We also learned how essential context is when generating alt text. Without considering parent and sibling elements, alt text descriptions for images will fall short of capturing the entire meaning if we only send just the image. This learning was what drove us to send contextual information along with image data to OpenAI’s API so that we could have more accurate and useful alt text being generated.

OpenAI API calls are expensive, especially at scale. We felt it was particularly frustrating when testing our design that we were regenerating alt text over and over for sites we’ve already been on. In the future, we would like to optimize this with some form of caching. One of the ways we could implement this is by storing the URL of the image and its generated alt text in some key-value system so that future visitors to the same page won’t trigger additional API calls—instead they’ll immediately receive the previously generated alt text. We think this will not only significantly reduce the API costs but also speed up the user experience so they don’t need to wait for existing alt text to regenerate each time.

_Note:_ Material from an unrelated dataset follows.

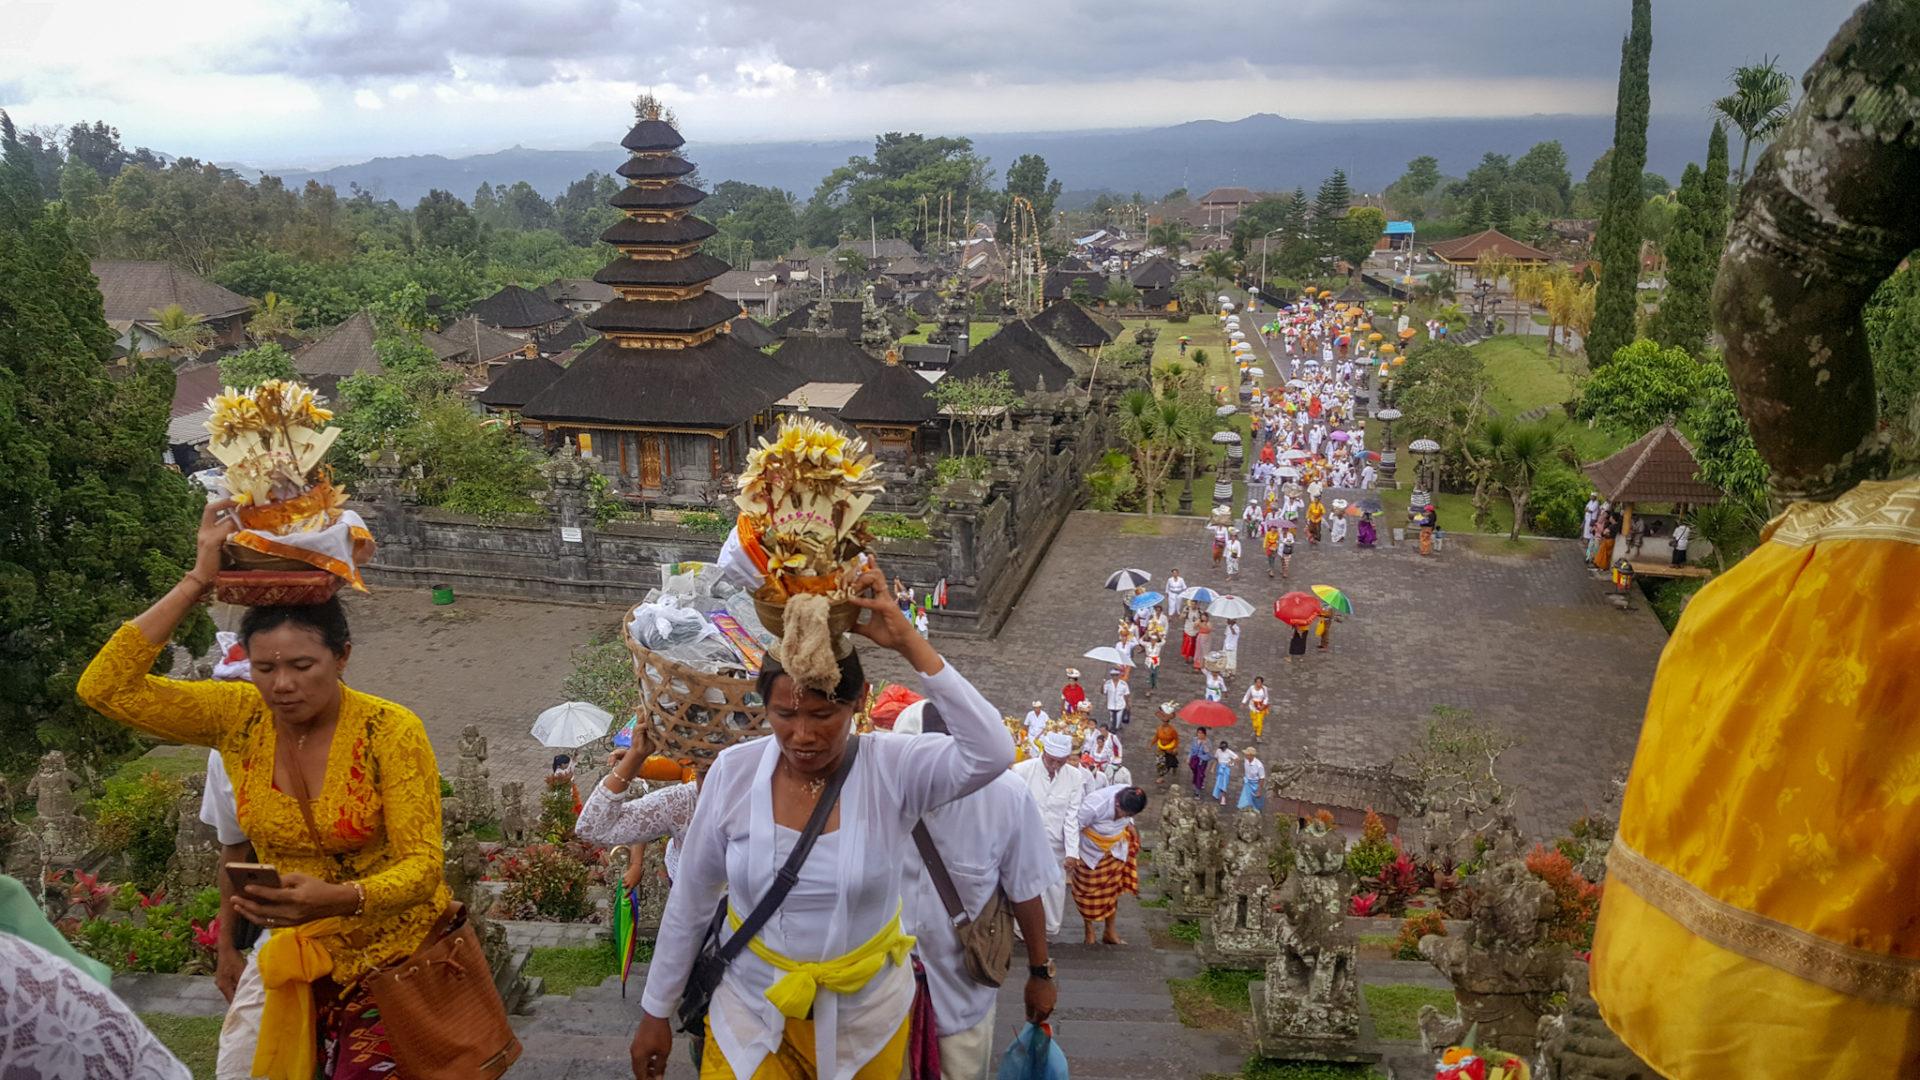 cosa vedere a bali_cerimonia al tempio madre
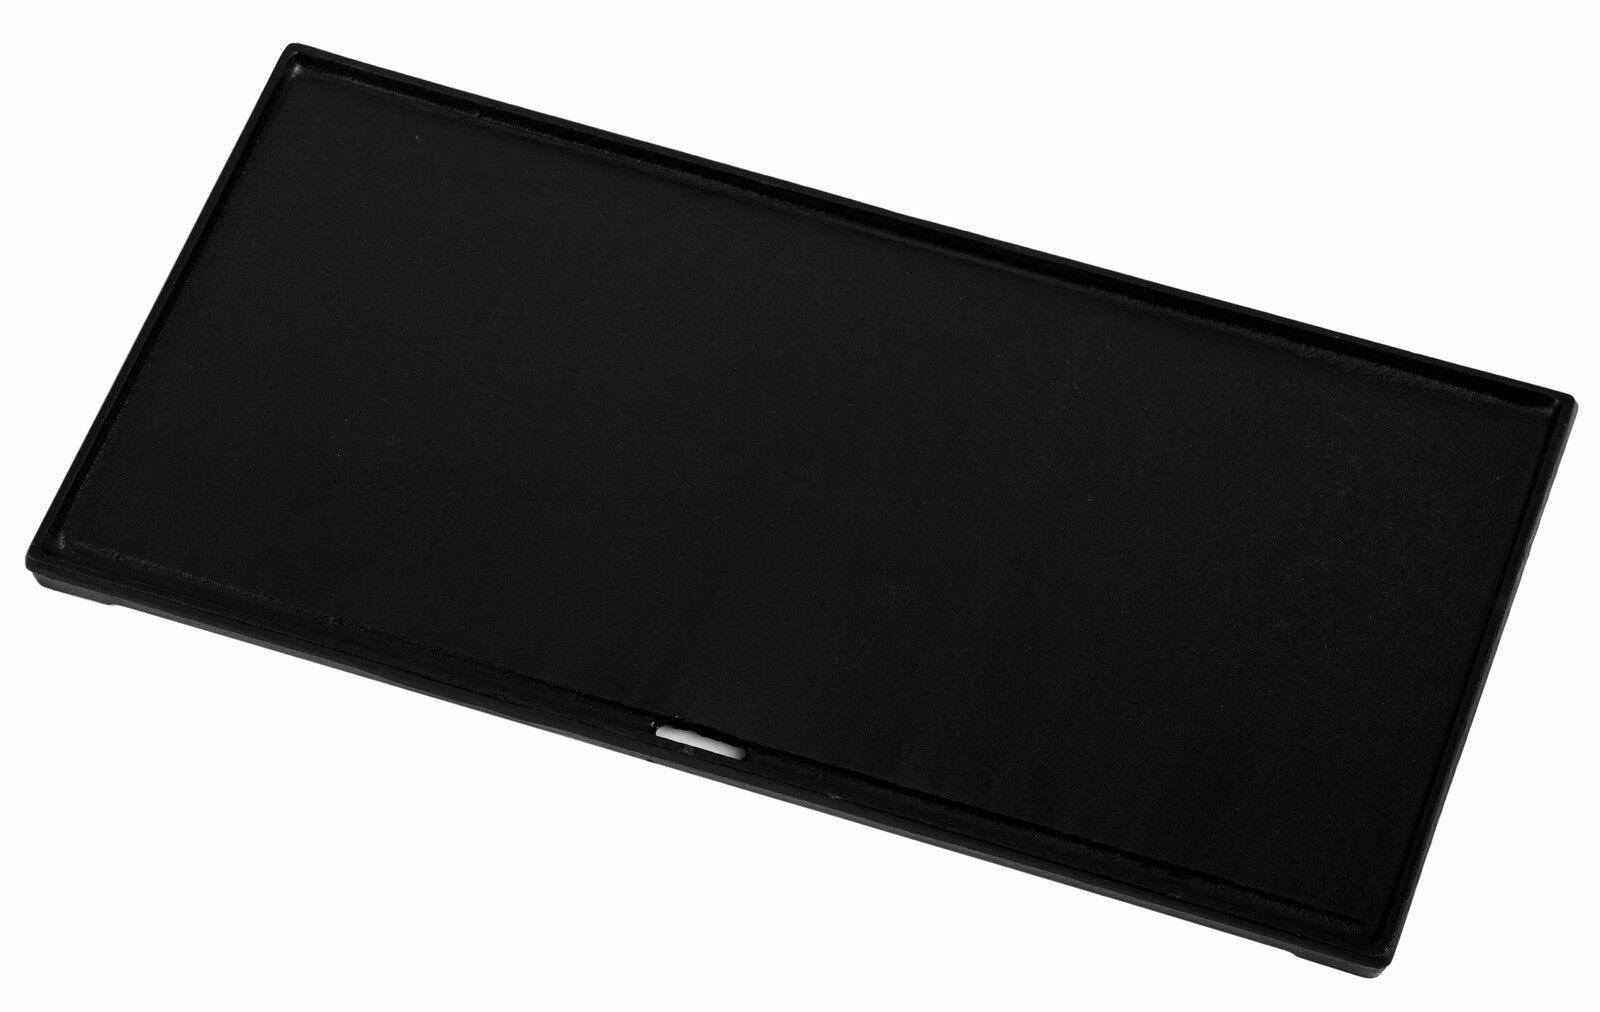 Grillplatte Für Gasgrill Landmann : Landmann grillplatte für triton serie 2 ebay

Another area for development is this idea of opening threads that continuously interact with the OpenAI API to prompt images about their content. It would introduce the potential for a Q&A format where users could ask questions about images on a webpage. For example, users might ask, “What is the person in this image doing?” which would help extend our use case here to beyond just simple alt text generation.

In the long term, we see Alt Mate as more than just a tool for end users. It could also function as an accessibility audit tool for web developers in helping them identify images with missing or unhelpful alt text on their sites. By making alt text visibility a core feature and goal of our plugin, we hope to drive better accessibility practices across the web for users and developers alike.